An even-toned book on a timely and important topic, The Lonely American advances a thoughtful thesis: our efforts at stepping back from the light-speed hubbub of our daily lives to reconnect with "what's important" might inadvertently exacerbate our disconnect.
The authors provide some good insight on the psychological, evolutionary and (very simplified) neurobiological dimensions of bond formation. They also provide a good explanation of social exclusion and its effects (such as increased aggression towards, surprisingly, both the in-group and out-group.) The sections on overparenting as a result of familial seclusion, the "parentification" of children in socially isolated small households, the pathologising of loneliness, and the dangers of substituting the psychiatric/rehabilitation network for social connections are all interesting and well put together.
Now that we've covered the good, let's talk about the bad and the curious.
The bad consists of mainly some very glaring omissions and old-fashioned assumptions. Amidst the many, many pages devoted to marriage, same-sex marriages are accorded a single sentence. People (and their households) are either single or married. There is virtually no mention of unmarried lived-in partners, romantically committed people who are still living separately (perhaps pending marriage, perhaps not), or households whose members are related but not by marriage. The authors also so generally equate living alone with social isolation, seemingly forgetting that group arrangements can be just as lonely and isolating (e.g. boarding houses, institutions.)

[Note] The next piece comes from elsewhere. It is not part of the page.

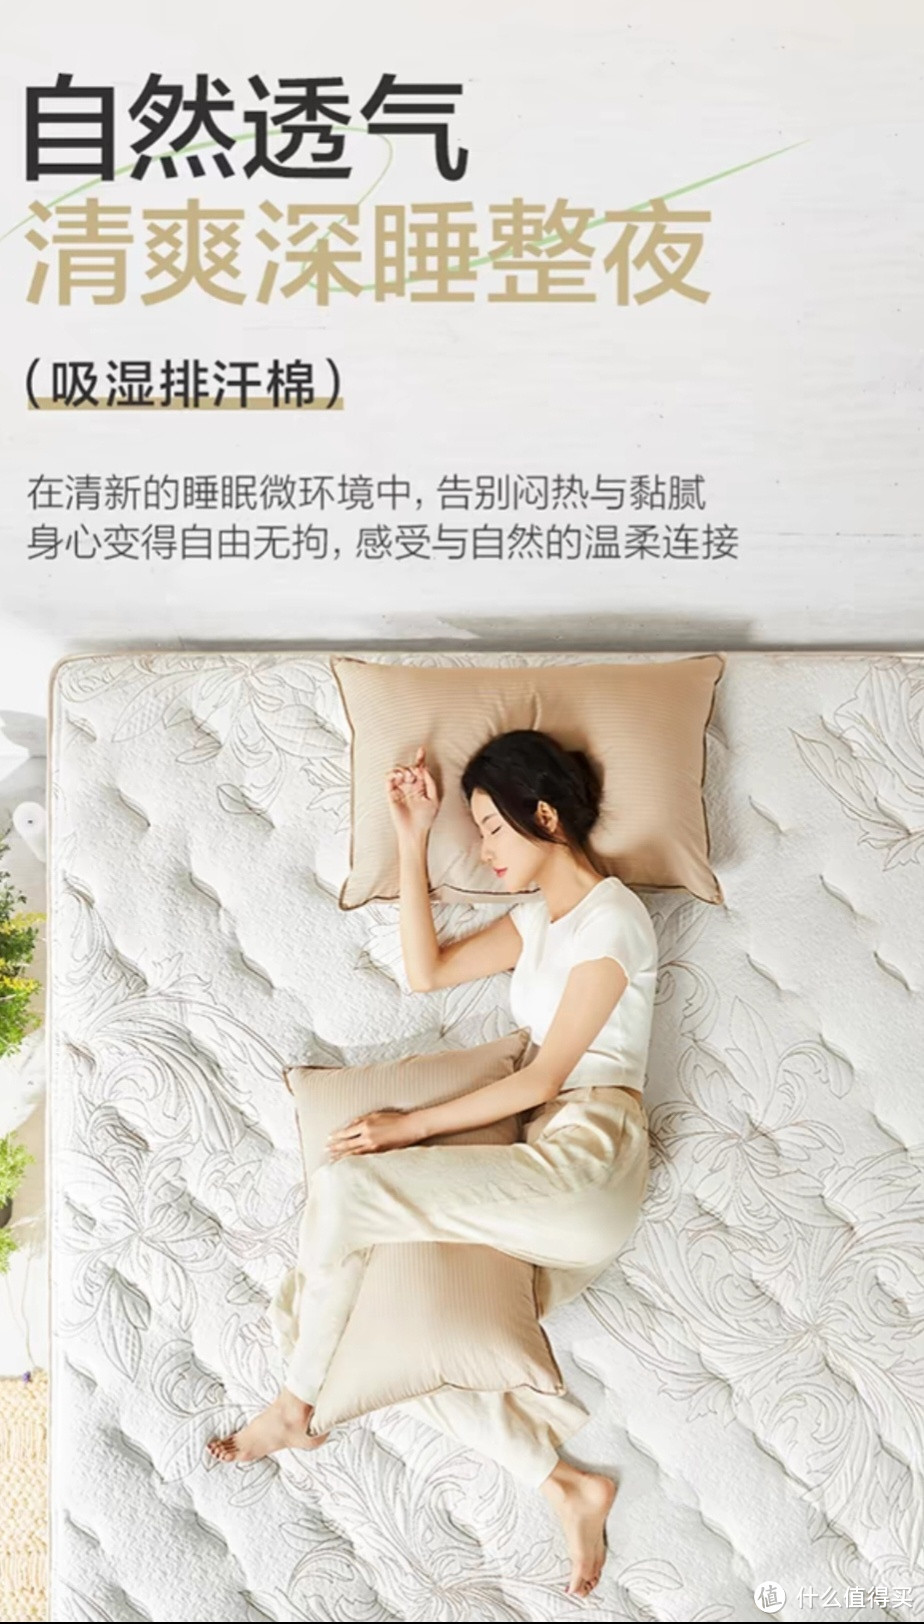 【舒缦3.0】喜临门官方席梦思独袋弹簧家用卧室软垫进口乳胶床垫

In some instances, the arguments are slightly self-contradictory. The book takes great pains to point out that the increasing rate of marital failures is one of the causes of worsening loneliness, the implication being that being in a healthy, lasting marriage is a good thing. It also states that modern marriages (those that don't end in divorce) generally tend to be of better quality than those of decades past, because spouses share and communicate more. Strangely, the authors then lament how nowadays couples often neglect their wider social connections due to modern romantic ideals in which spouses are supposed to be entirely devoted to each other. In contrast, a married couple in the 1950s would still be expected to dine with the neighbors every week and the husband's boss once a month, and to spend the whole Sunday at church, etc. This begs the question: if marriage is so crucial to staving off loneliness, then isn't increased time and effort poured into marriage to increase its quality a better bet than cultivating various external, but shallow, relationships? It can be debated either way.

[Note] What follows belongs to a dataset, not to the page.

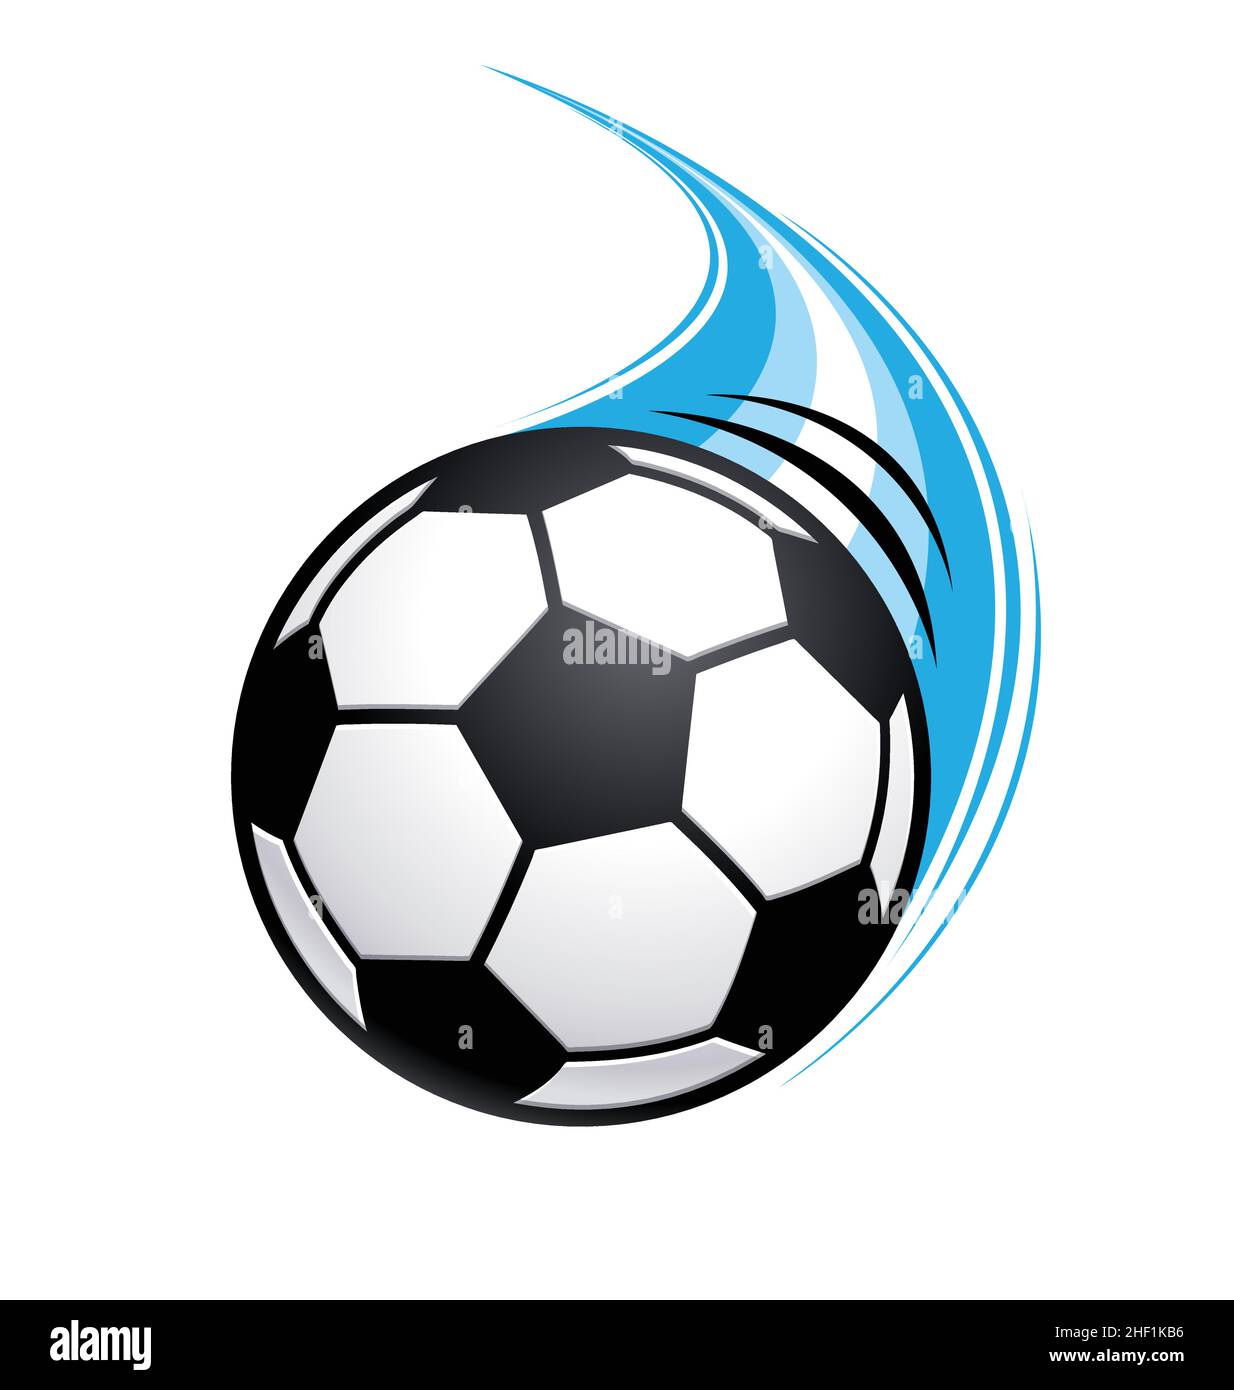 balón de fútbol volador de ritmo rápido en movimiento con raya azul aislada sobre fondo blanco Ilustración del Vector

Curiously, Alcoholics Anonymous gets several accolades for the instant support network it provides to its participants. The authors go so far as to call it "probably the most reliable antidote to loneliness ever invented in [the USA]." Yet the fact that 12-step programs, including AA, are no more effective at reducing alcohol abuse (ostensibly their chief mission) than the mere passage of time (i.e. spontaneous remission) is not mentioned. Granted, this is a sociology text about loneliness, not substance abuse (although the two are often closely tied, as noted elsewhere in the book), but a knitting group could provide a socializing network equally readily, so why the repeated emphasis on AA?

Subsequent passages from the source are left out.